Key Words: Fan beam thickness, Helical tomotherapy, Nasopharyngeal carcinoma
Introduction
Helical tomotherapy is a specialized technique of delivering intensity-modulated radiotherapy (IMRT). The machine generates a modulatable fan beam from a 6-MV radiation source that is rotated around the patient in a helical manner.1, 2 The beam intensity is modulated by sliding the leaves into and out of the path of the fan beam across its width, at the same time as the radiation beam rotates round the patient and the treatment table advances toward the gantry along the patient's cranio-caudal direction. As well, helical tomotherapy is equipped with the megavoltage-computed tompgraphy (MVCT), which provides daily image guidance in treatment. This specialized technique has allowed precise IMRT and offered new treatment options in a great variety of challenging oncology cases in clinical routines.3, 4, 5
The commercially available TomoTherapy Hi-Art system (TomoTherapy, Inc., Madison, WI) produces a fan beam radiation using a 64-leaf collimator. Each leaf projects a shadow 0.625 mm wide at the isocenter. The width of the beam in the y-direction, the fan beam thickness (FBT), is defined by a pair of collimators parallel to the rotational orbit of the radiation beam and is fixed for a specific patient treatment. The dimension of FBT for a specific treatment can be selected between 1.0 cm, 2.5 cm, and 5.0 cm. It has been demonstrated that increasing the FBT reduces the overall irradiation time. For instance, a treatment time reduction of up to 61% was obtained by changing the FBT and/or lower modulation factor using standard pitch in the cranio-spinal axis irradiation.6 However, the potential trade-off is the degradation of the dose distribution to the target volume and organs at risk (OARs). Therefore, to achieve an optimum treatment in helical tomotherapy, a planner has to consider between treatment time and target volume dose distribution, which in turn will be dependent on the choice of FBT.
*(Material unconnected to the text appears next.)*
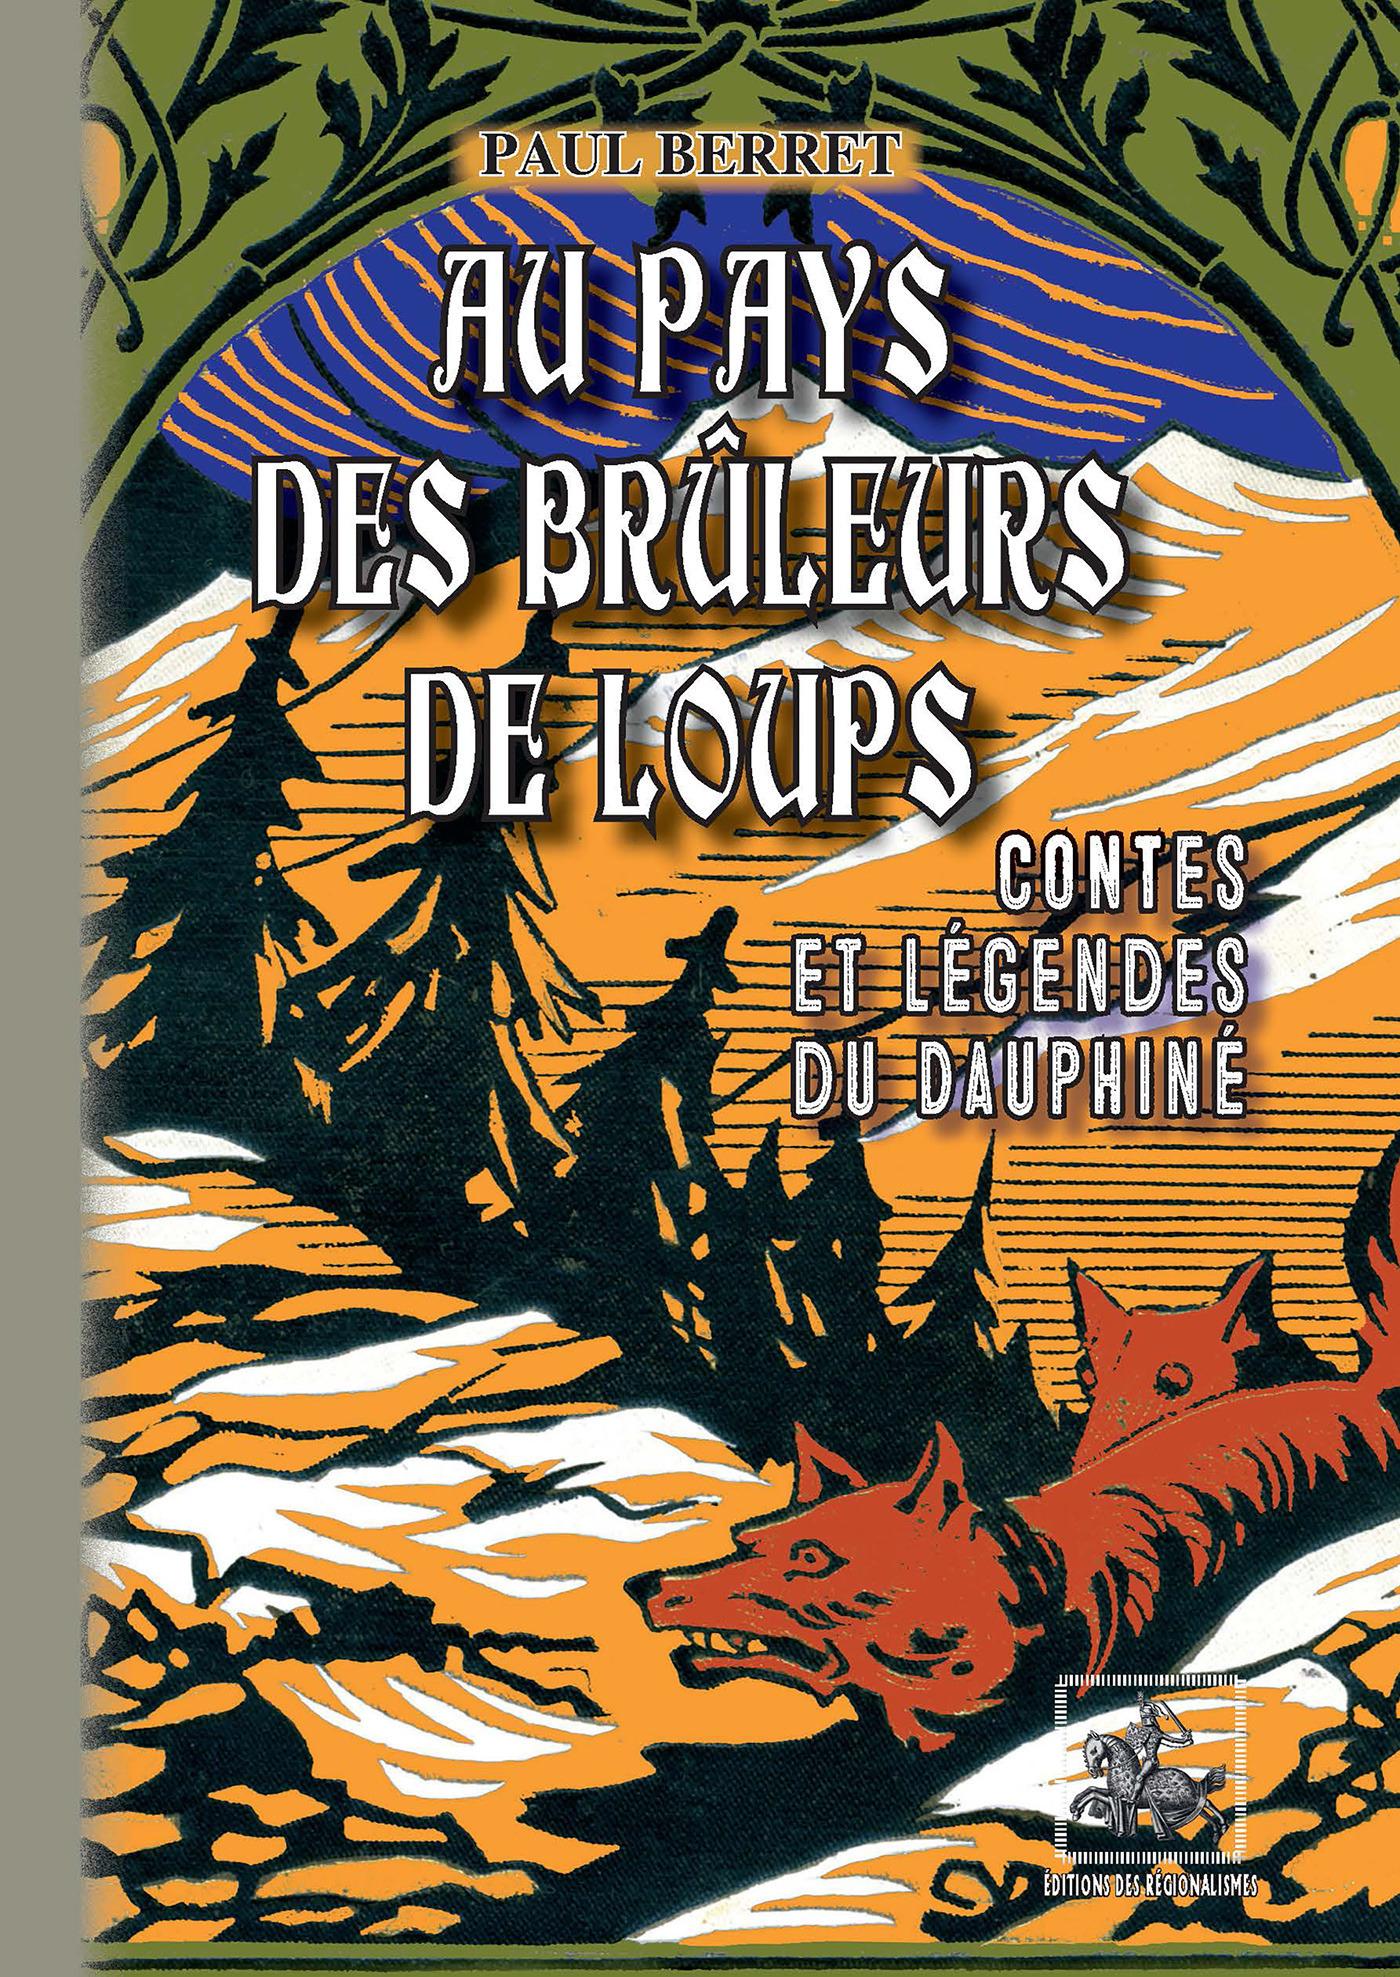 au pays des brûleurs de loup ; contes & légendes du Dauphiné
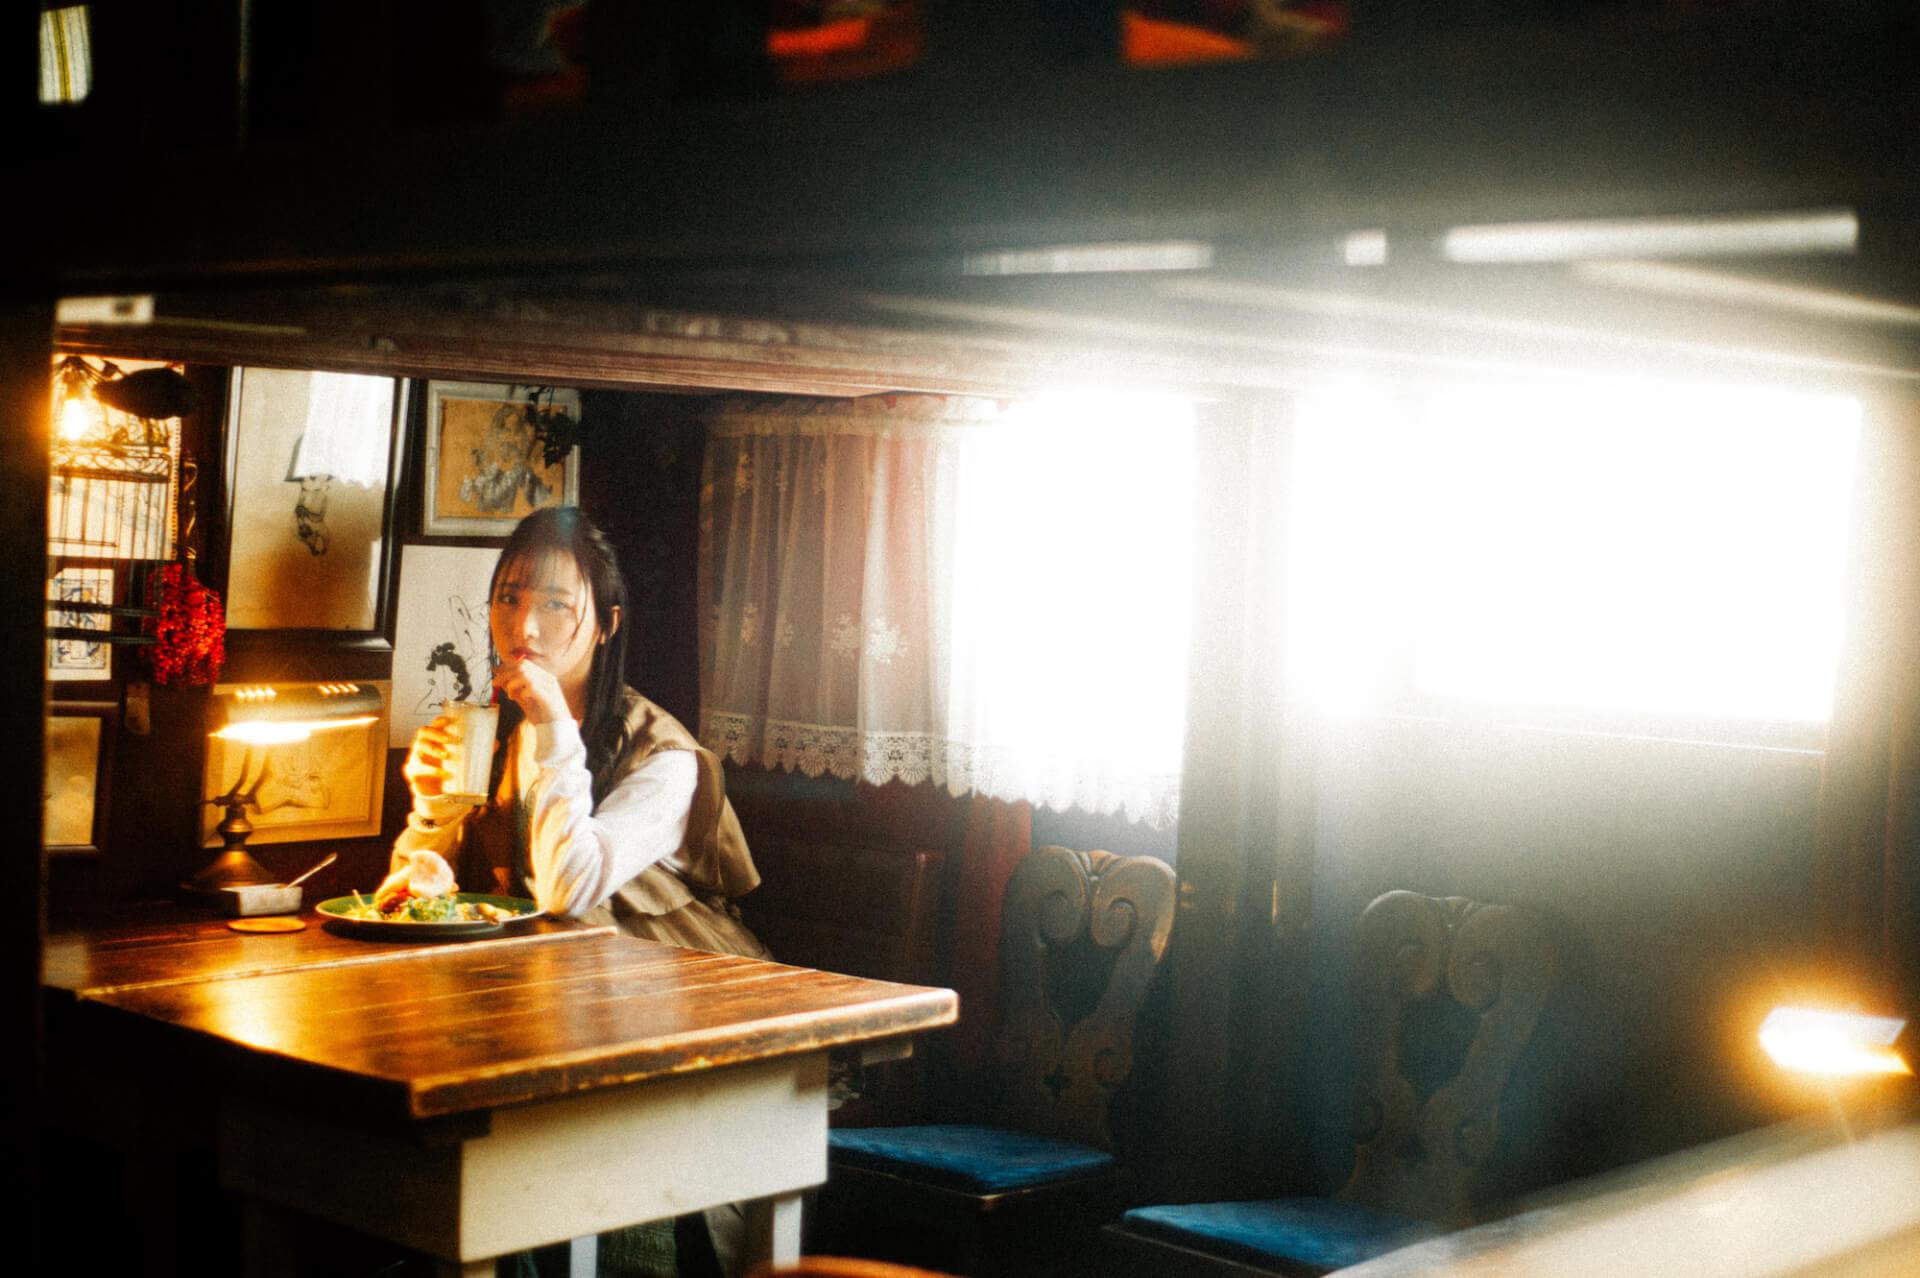 コウキシン女子の初体験 vol.19 石田千穂(STU48):広島のカルチャースポット column210222_chihoishida_48

Nasopharyngeal carcinoma (NPC) is a prevalent disease in Southern China. The average annual incidences in Hong Kong from 1996–2007 were 20–25 (male) and 5–10 (female) per 100,000 persons.7 Because of its deep-seated anatomical location and close proximity to many critical normal structures, IMRT (including tomotherapy), which can provide highly conformal target dose with steep gradient at the target periphery, has been introduced in the treatment of this disease. Preliminary results showed that helical tomotherapy was able to improve the PTV dose coverage and better OAR sparing compared with the linac-based IMRT in the simultaneous integrated boost treatment of this disease.8
In the IMRT delivered by the helical tomotherapy, the planning target volume (PTV) of NPC includes the primary lesion at the nasopharynx and the bilateral cervical lymphatics down to around the level of supraclavicular nodes. The PTV usually follows an irregular inverted U shape, with lengths of >20 cm along the cranio-caudal direction. This relatively long and irregularly shaped target volume often creates conflict between the treatment time and target dose conformity, and a carefully selected FBT would be important to provide the optimal treatment.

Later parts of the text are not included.